As a side note to any of my friends considering a similar project at their home – let me know if you’ve any questions. I asked a lot of stupid questions of my electricity company, and they helped educate me quite a lot. In the end, I went with 3000K fixtures (that speaks to color temperature along a daylight/bright light/soft light/candle spectrum – here, if you’re curious, is more info on the spectrum. Some folks are leery of LED lighting because it can come off as too bright, even bluish in hue. LED lights have come a long way, and don’t have to look like bug lights anymore. So if you’re thinking about it, do it!
Now that I’ve decorated for the holiday, and added more fairy lights than I previously had year-round, home is quite homey, and ready for my mother and aunt to visit. It’ll be the closest to Christmases I used to have growing up I’ll have since my father passed away. My aunt would usually fly in and it would be just the four of us nearly every year.
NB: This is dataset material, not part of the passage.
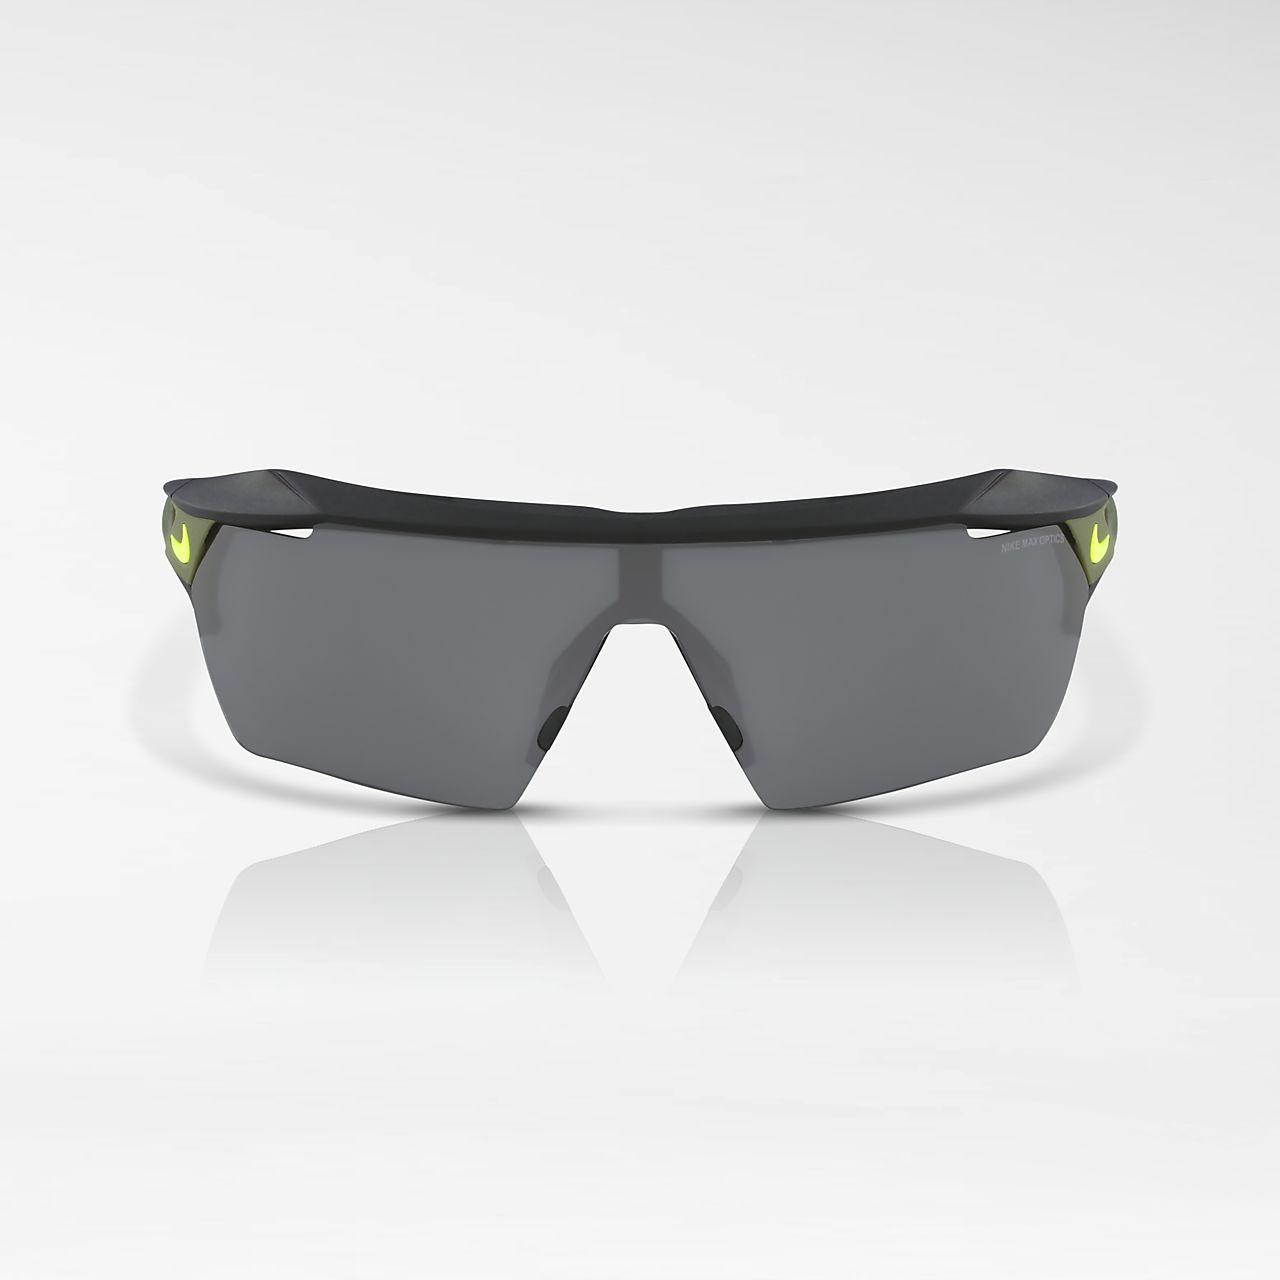 c0e5e56701 Low Resolution Γυαλιά ηλίου Nike Hyperforce Elite Γυαλιά ηλίου Nike  Hyperforce Elite

It’s a new city for me this year, a new condo, the same cat with new asthma, and the nearly the same but never quite the same again family. It’s been a big year for me, in many positive ways. But I lost my cousin to aggressive brain cancer, and that loss reverberates this time of year. That’s partially why I invited family to visit me here. If I’m being honest, to go back east and face my broader family without him might just be too hard for me right now. But baby steps. We all have projects that need tackling, in our homes, and in our hearts/minds. All in good time.